Peiffer-Schneider S, Noonan F C, Mutch D G, Simpkins S B, Herzog T, Rader J, Elbendary A, Gersell D J, Call K, Goodfellow P J
Department of Surgery, Washington University School of Medicine, 660 South Euclid Avenue, St. Louis, Missouri, 63110, USA.
Genomics. 1998 Aug 15;52(1):9-16. doi: 10.1006/geno.1998.5399.
Frequent loss of chromosome 10q sequences in endometrial cancers suggests the involvement of a tumor suppressor gene. Previous loss-of-heterozygosity (LOH)studies have pointed to the 10q25-q26 region as the likely site of a tumor suppressor involved in endometrial tumorigenesis (S. L. Peiffer et al., 1995, Cancer Res. 55: 1922-1926; S. Nagase et al., 1996, Br. J. Cancer 74: 1979-1983; S. Nagase et al.,1997, Cancer Res. 57: 1630-1633).
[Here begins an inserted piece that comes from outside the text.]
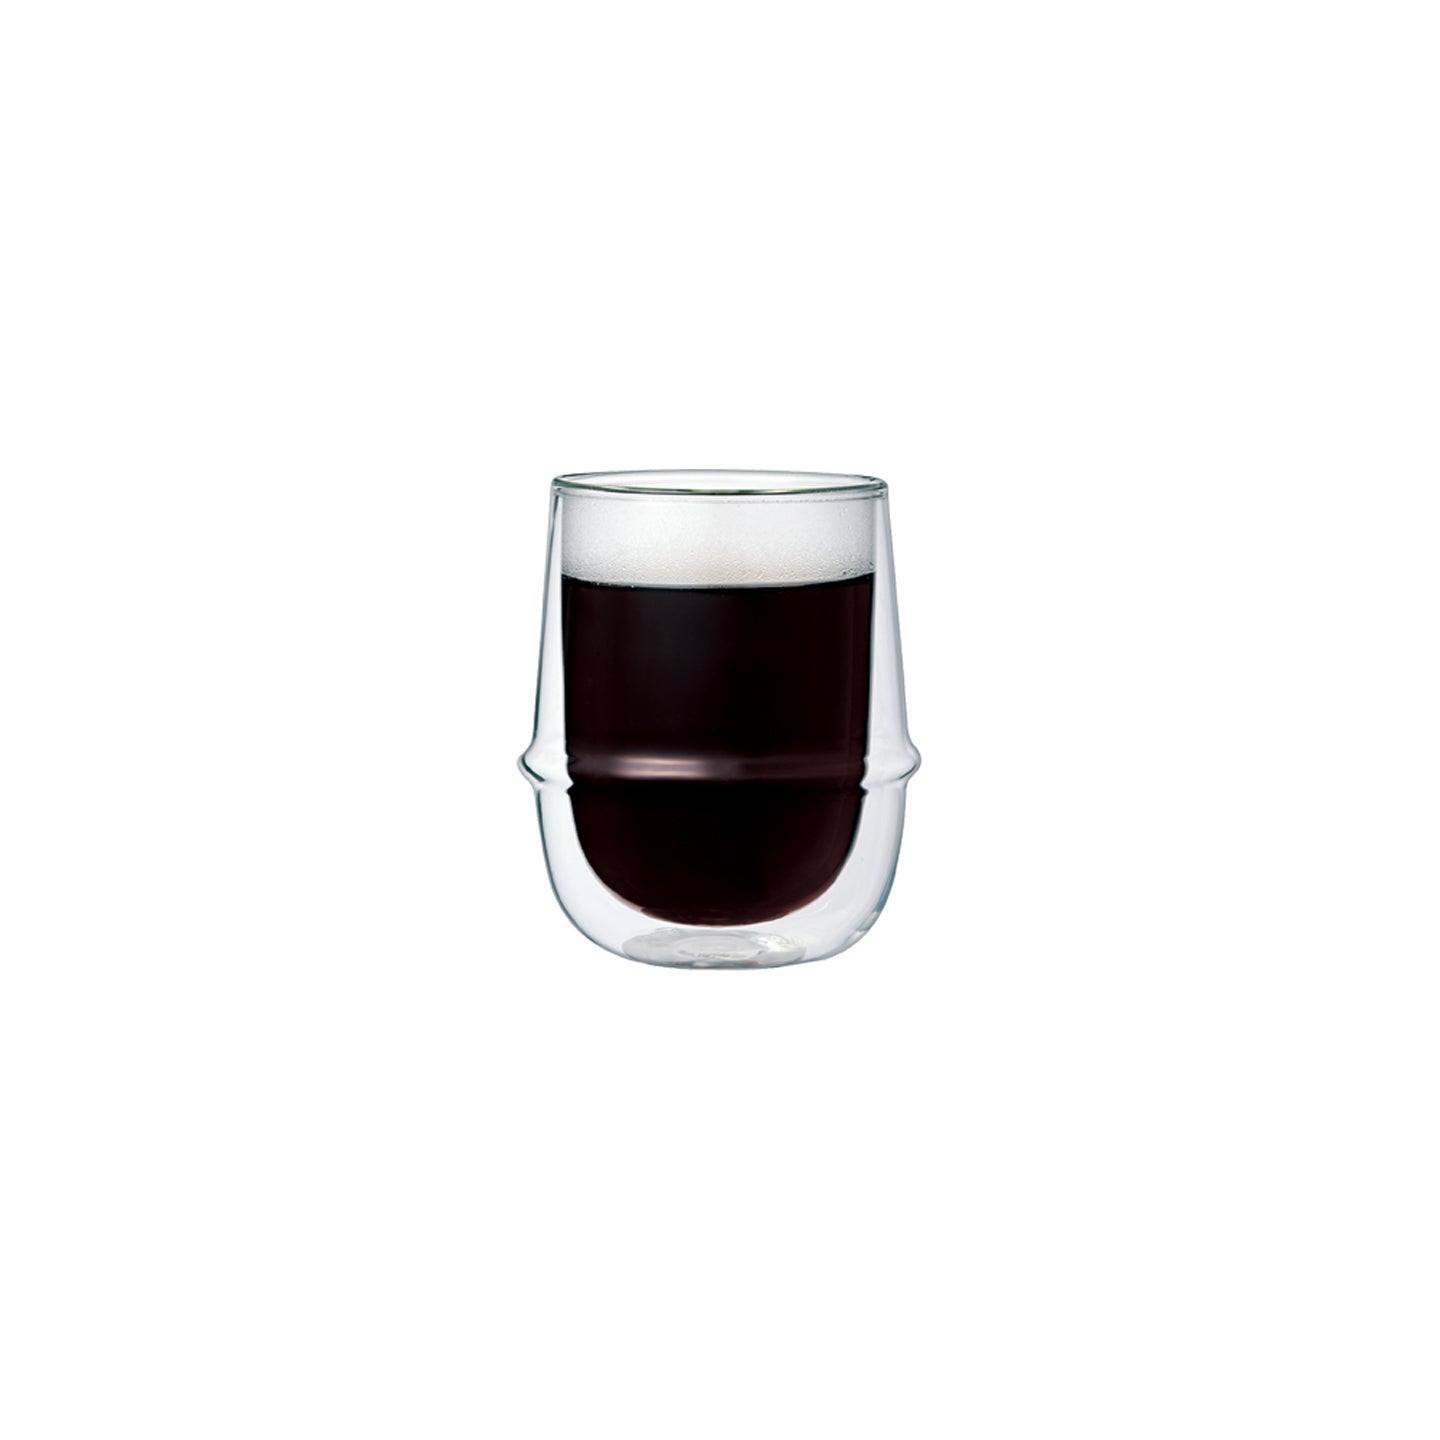 Kinto Kronos Double Wall Espresso Cup 80ml
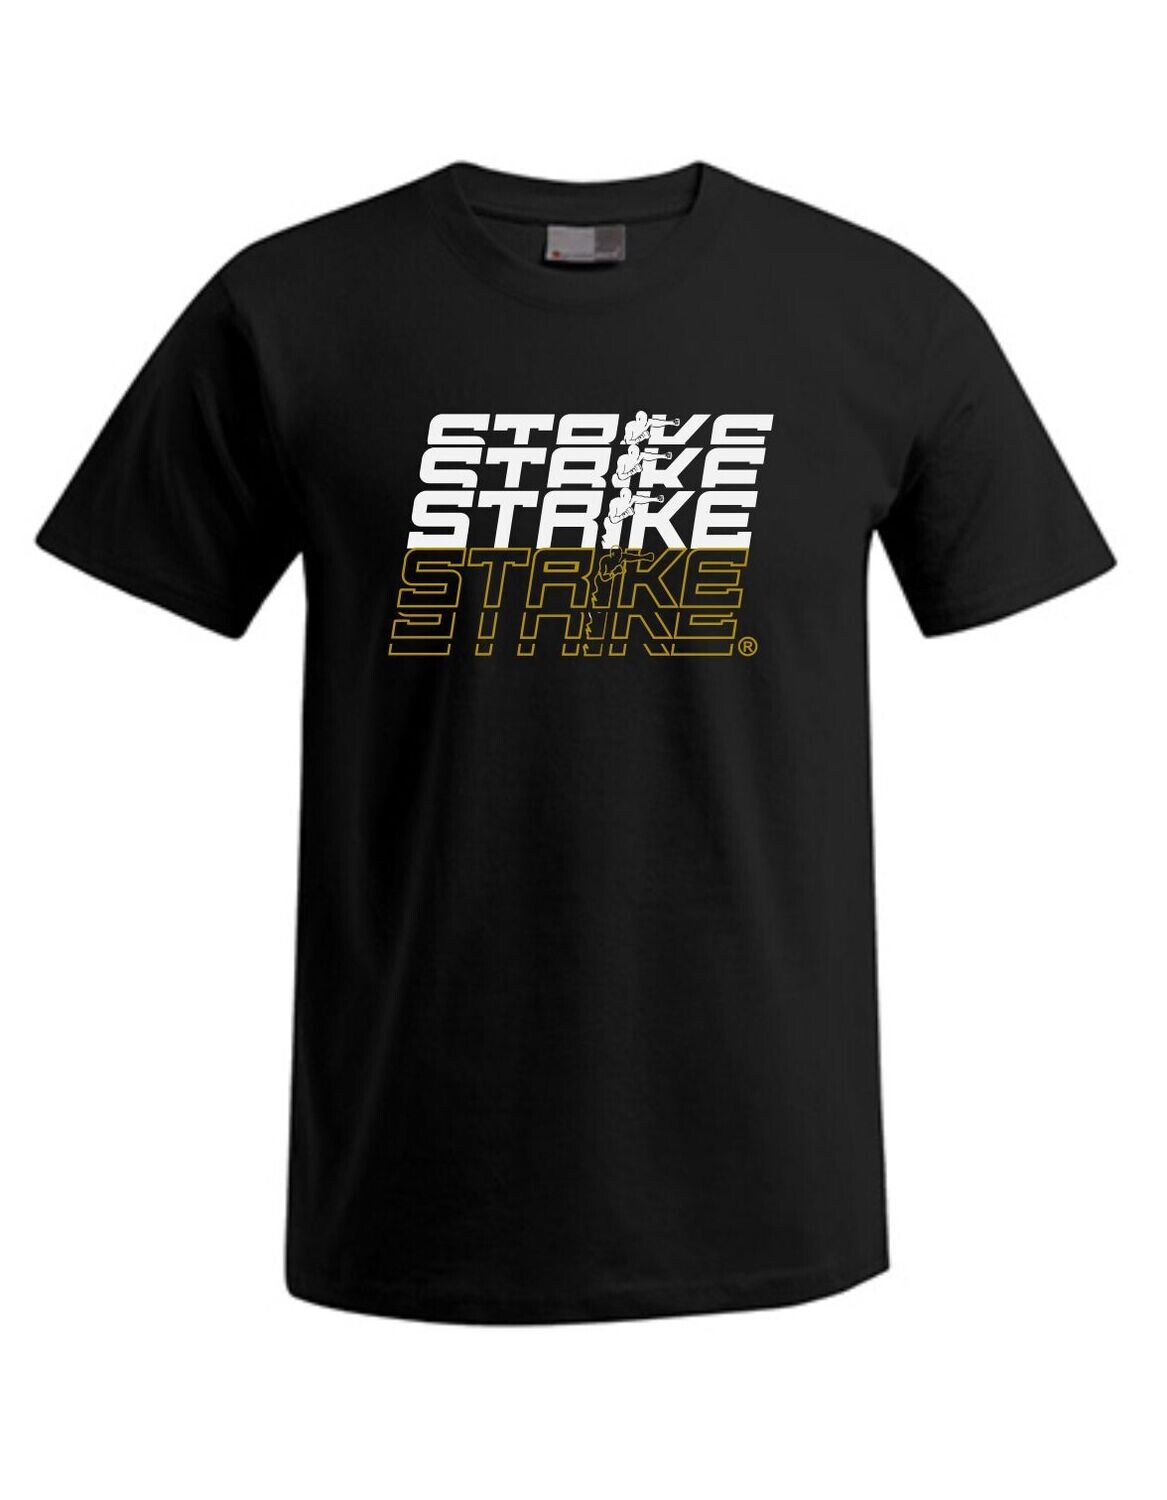 Kinder T-Shirt Strike Gym Multi, Farben: schwarz/weiss/gold

In an attempt to define further the localization of a tumor suppressor gene at 10q25, we screened a panel of 123 endometrioid adenocarcinomas for loss of heterozygosity of 10q25.3 sequences. Forty-three (35%) revealed LOH at one or more loci. The observed patterns of allelic loss define a minimum consensus region of deletion between D10S221 and D10S610. A sequence-ready bacterial clone contig and a long-range restriction map for a 1-Mb interval spanning the deletion region were developed as the first step in experiments directed toward the discovery the 10q25 tumor suppressor.